Published in final edited form as: Alcohol Clin Exp Res. 2018 May 27;42(7):1206–1216. doi: 10.1111/acer.13765

Fig. 3.

Fig. 3.

Oxidative stress markers in ethanol (EtOH)-fed rats following fracture and treatment with n-acetyl cysteine (NAC). (A) Serum MDA levels in control-fed, control-fed NAC-treated, EtOH-fed, and EtOH-fed NAC-treated rats. Mean serum MDA levels in the EtOH-fed animals were significantly (p = 0.002) higher than in controls. NAC treatment decreased MDA levels (NS), but there was a significant (p = 0.033) interaction. (B) Tissue callus homogenate MDA levels. EtOH increased MDA levels 4-fold over controls (p = 0.05) and NAC treatment restored it to control levels (*p < 0.04). No significant interaction was observed. (C) Tissue callus homogenate catalase levels.
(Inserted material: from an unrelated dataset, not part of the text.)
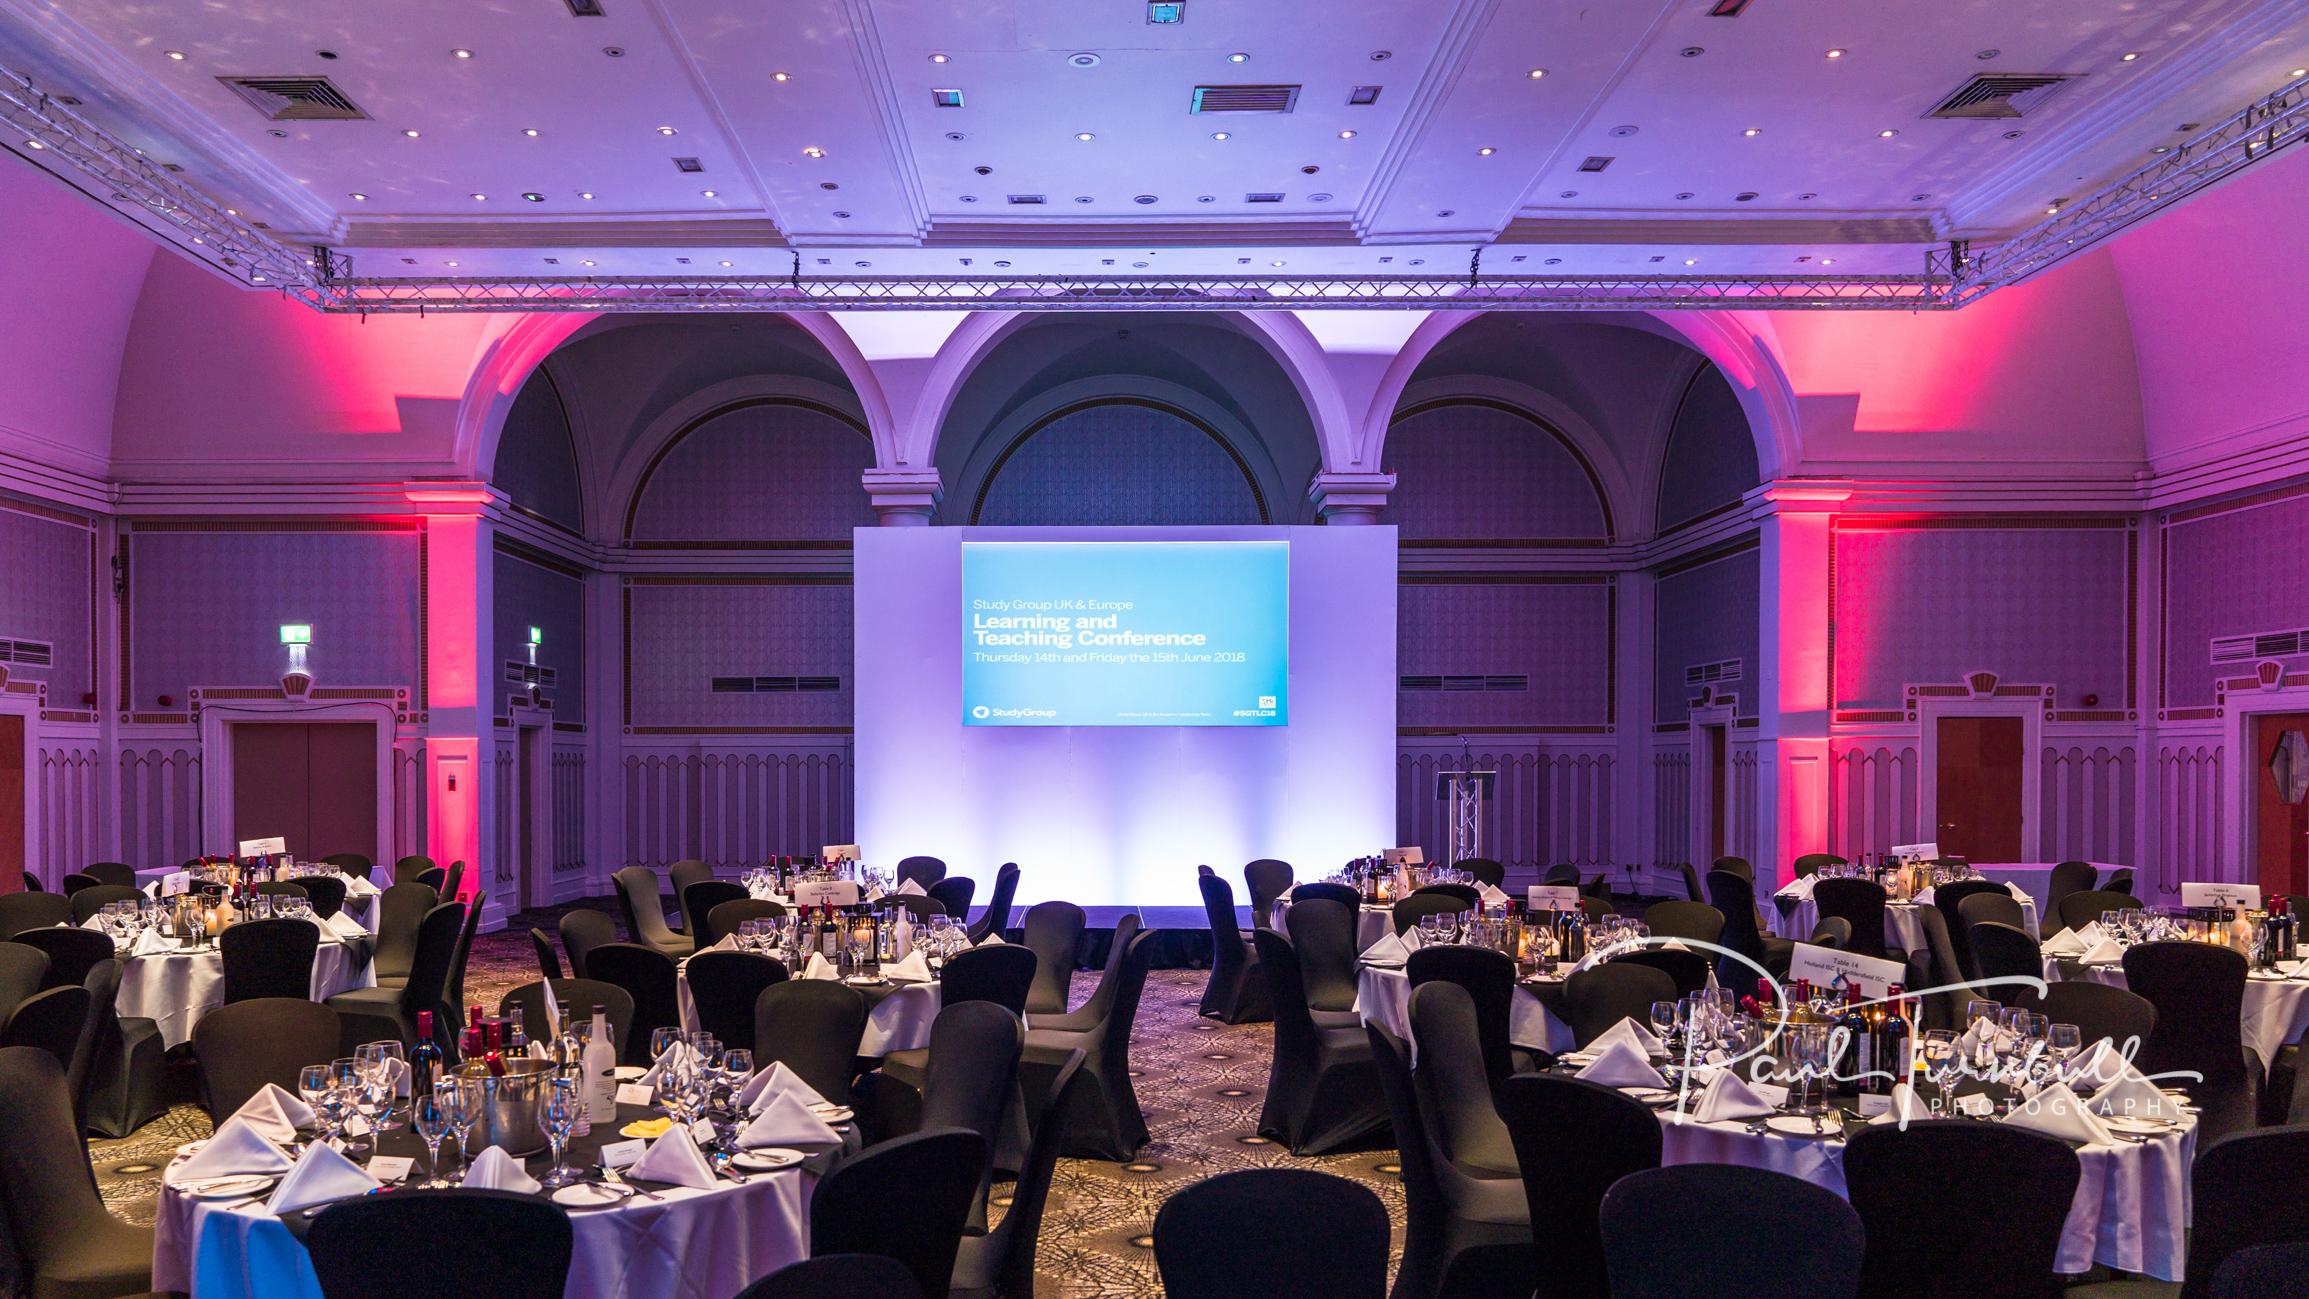 conference-event-photographer-queens-hotel-leeds-yorkshire-002.jpg

EtOH slightly decreased catalase activity compared to controls. NAC treatment of EtOH-fed rats increased it almost 3-fold (***p < 0.001) compared to the level in untreated EtOH-fed rats, with a significant (**p < 0.001) interaction with diet. (D) The efficacy of NAC demonstrated by determining the ratio of catalase to MDA, which is an index of antioxidant efficacy. Catalase/MDA ratio was significantly decreased in the EtOH-treated animals. This ratio was significantly (**p < 0.002) restored higher than control levels with NAC injection. N = 4 animals per group.